What language do you use with your horse?
What language do you use to speak to your horse? Have you even given any thoughts to it? I began to reflect on it as I exercised, over the course of a few summers, a horse in England while I was on holiday there. I am French, and a French native speaker. Yet, when I first started to ride this horse, I spoke to him in English. Because that’s what his owner did. Because I assumed he would understand my vocal cues better. Because it was what he was used to.
And I did not think much about it. It’s not as if I was having long discussions with this horse. I told him to “walk on”, “trot”, “canter,” “stop”, that he was “a good boy” (or a naughty one sometimes – often). He did not listen to me very much, anyway. An off-the-track thoroughbred, he liked doing his own thing, knew he was stronger than me, and had moments when he did not hesitate to gallop away with me, in spite of my protestations, both vocal and physical. When he was in a certain mood, he listened to neither body language nor spoken language.
The last summer during which I rode him, I became fed up of speaking to him in English. I’m not sure why. Maybe because he did not listen anyway. Maybe because I’m just used to speaking to horses in French. So I switched to my own language. And I had the surprise of realising that he was listening to me better, especially when I was talking to him to calm him down. I think it was because speaking in my native tongue made my intentions and meaning clearer. Or was it because if found the sounds and intonations more soothing? Or both? Are some languages, because of their melody, more suited to horses than others?
Horses learn to understand vocal cues, just as they learn to read our body language and to decipher our facial expressions. But is it the actual words that they respond to? Or the tone? Maybe they base their response on a series of other cues, such as subtle changes in our demeanour or on all sort of physical indications of which we are not even aware but which they instinctively decipher: think of Clever Hans, a horse who, in the late 19th and early 20th century was thought capable of solving mathematical problems but was basing his answers on subtle bodily cues unconsciously given by the people interrogating him.
I have moved to England now and have taken my French horse with me. I still speak to him in French, as I’ve always done. If other people speak to him at the yard, they do so in English. I haven’t been able to see his reaction then. I wonder what they would be. I guess he would understand them as well as he understands me. Though I’d be curious to know if he would react to “back up” as well as he does to “reculer” – backing up is one of his favourite exercises and one of the vocal cues to which he responds best. This is something I’ll have to try out!
As for the two Dartmoor Hill ponies I got in November, I decided to talk to them in French, because that is the language that comes to me spontaneously. I even gave them French names, to which they now answer. They react when I speak to them, looking at me, raising their head.

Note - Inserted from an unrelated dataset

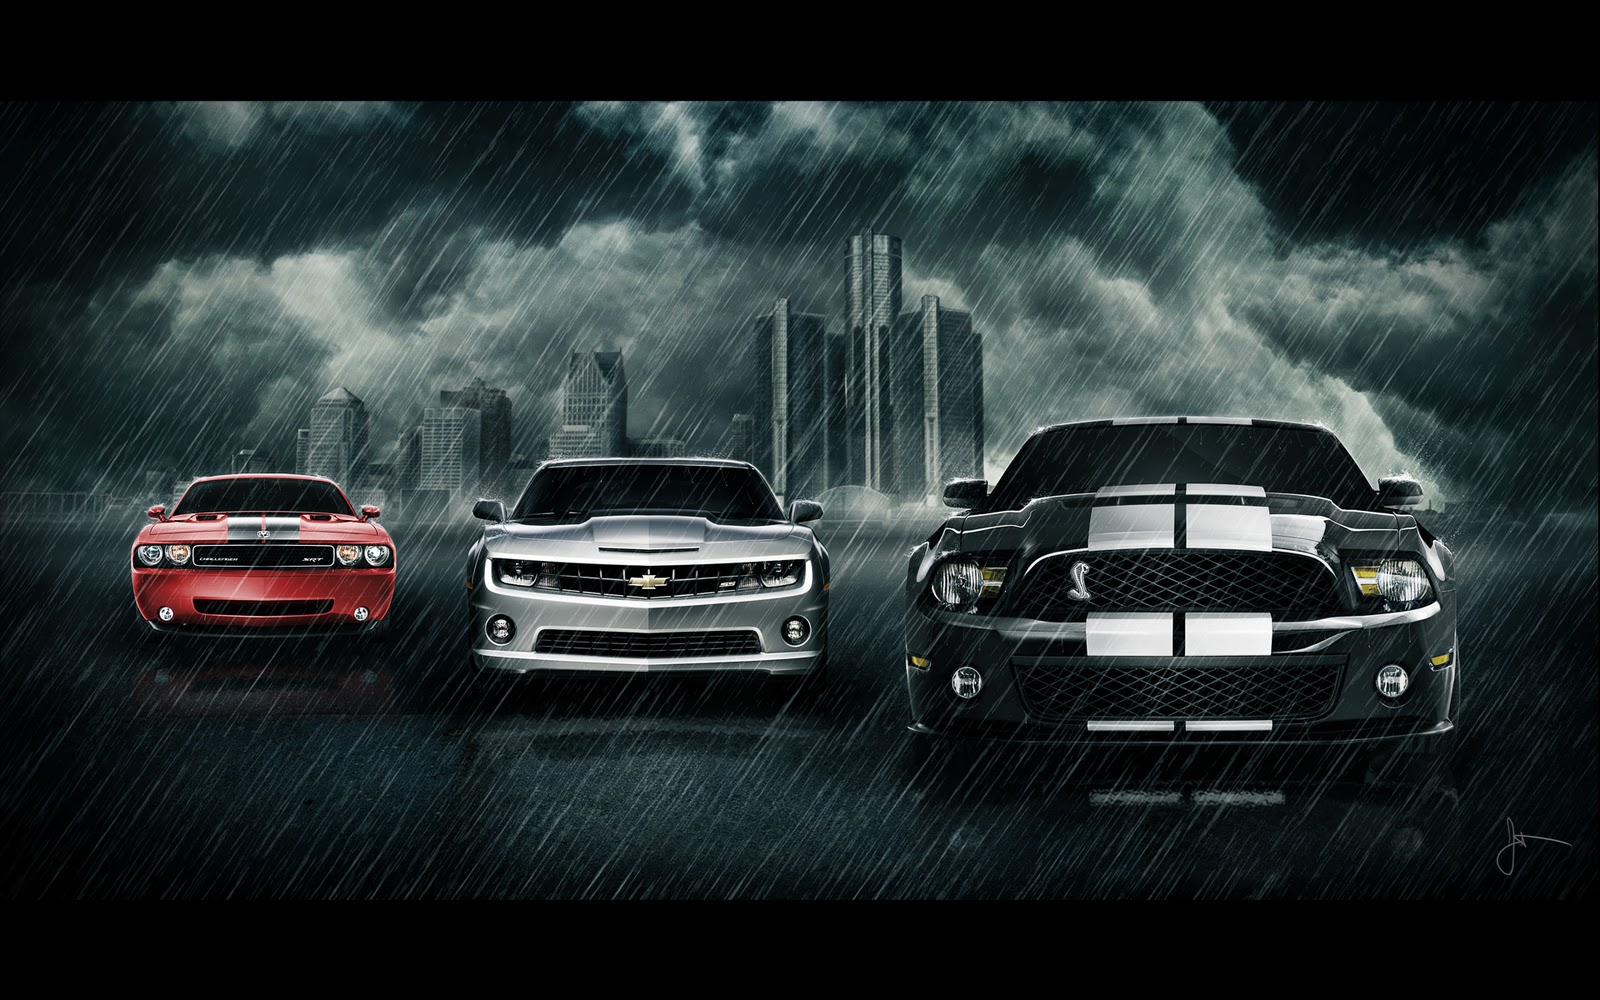 Hd Car wallpapers muscle car wallpapers for desktop 1600x1000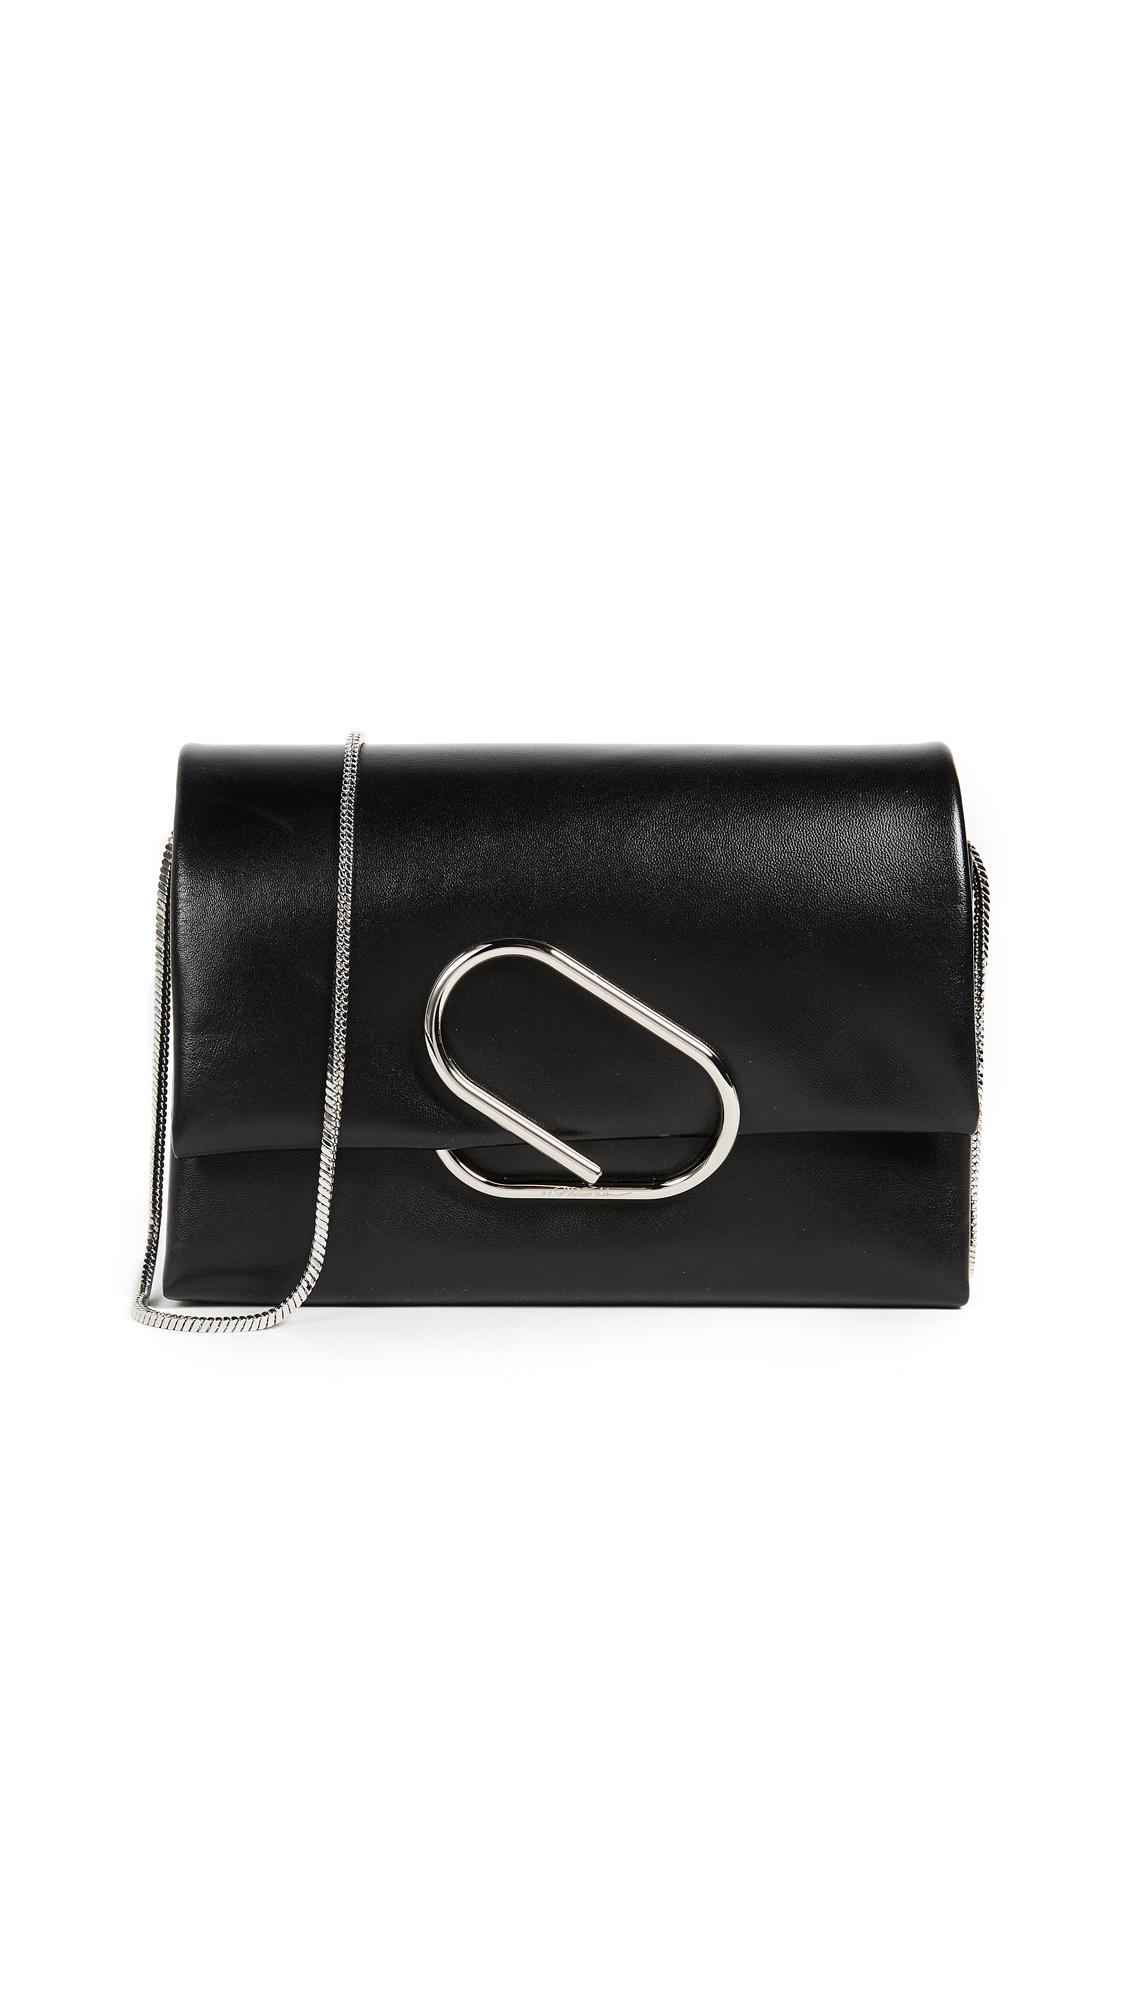 3.1 Phillip Lim Alix Soft Flap Clutch - Black

The more I think about it, the more I believe that the intent behind the words is more important than the words themselves. And that the best language to use with horses is the one that makes your feeling the clearest. The one with which you are the most truthful. You cannot lie to horses. They read us too well and grasp too easily the real meaning behind our words. So it doesn’t matter which language you use: as long as you are sincere, horses will understand.